= AIM OF THE TASK =
With the pictures removed, write out the data below exactly.

= DATA PROVIDED =
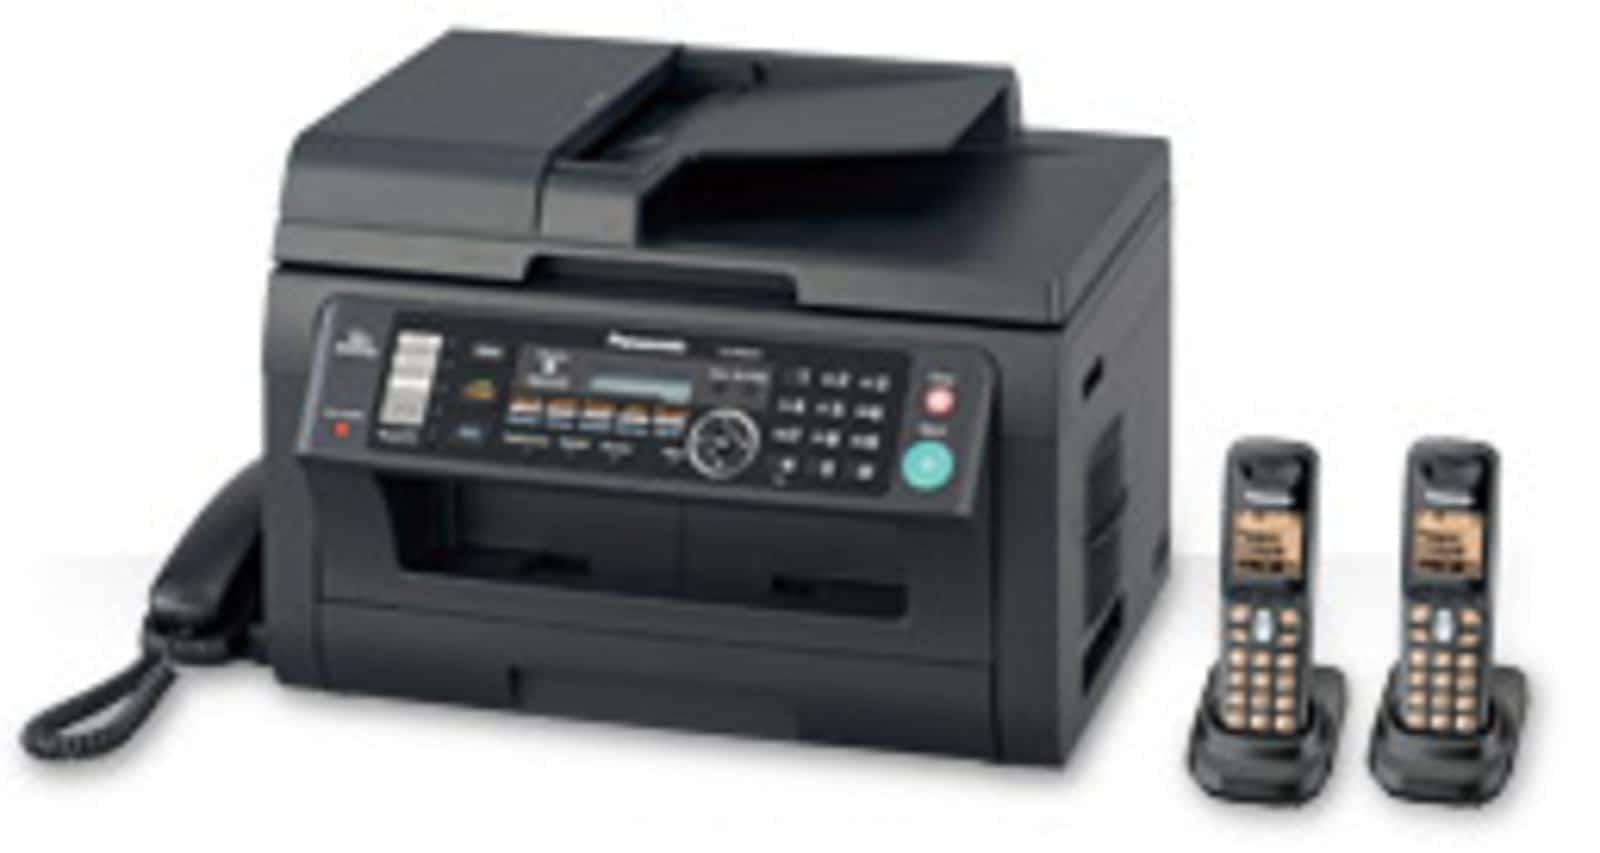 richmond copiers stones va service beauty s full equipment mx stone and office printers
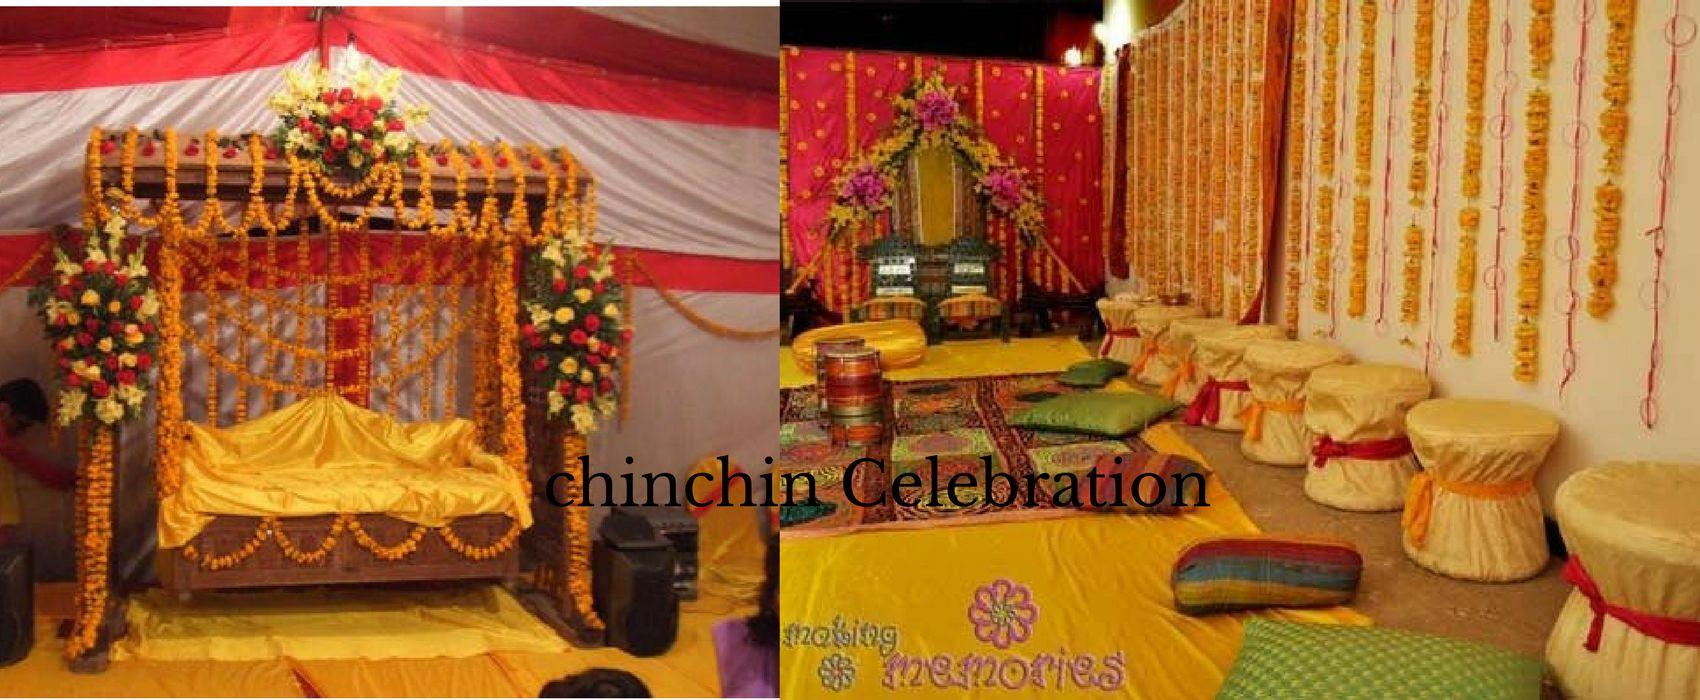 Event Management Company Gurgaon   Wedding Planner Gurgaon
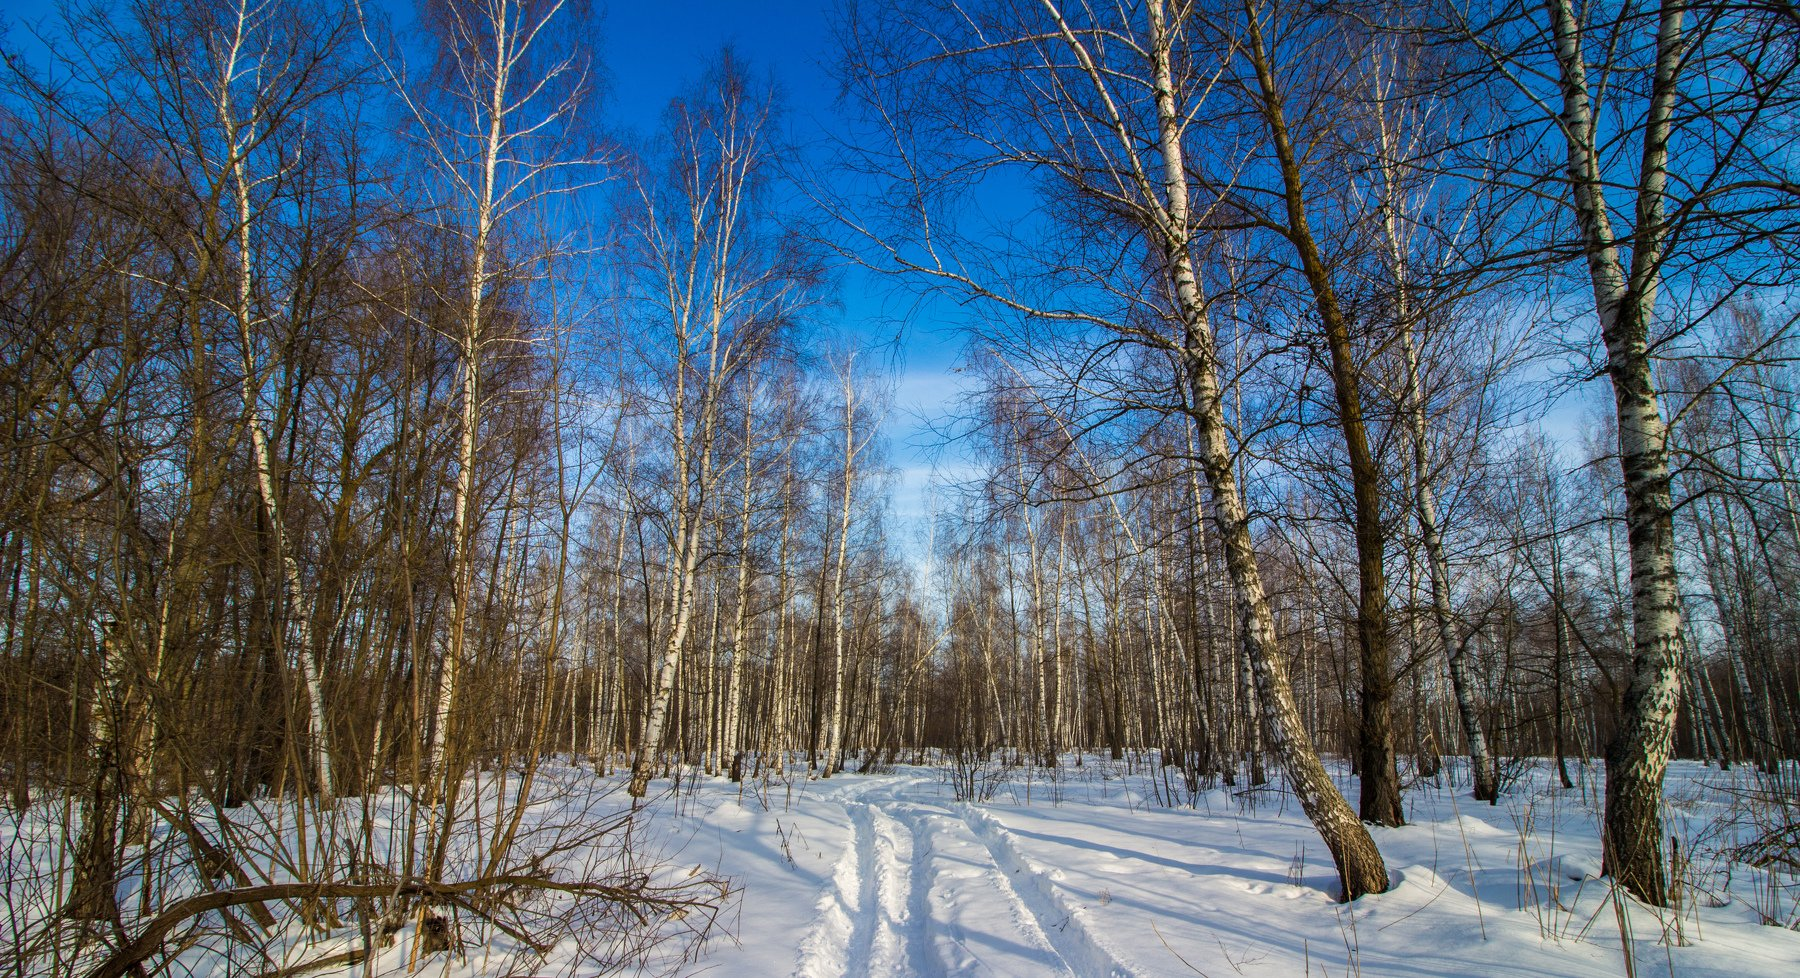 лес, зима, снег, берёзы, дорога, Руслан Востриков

= SOLUTION FOR THIS PROBLEM =
 richmond copiers stones va service beauty s full equipment mx stone and office printers
 Event Management Company Gurgaon   Wedding Planner Gurgaon
 лес, зима, снег, берёзы, дорога, Руслан Востриков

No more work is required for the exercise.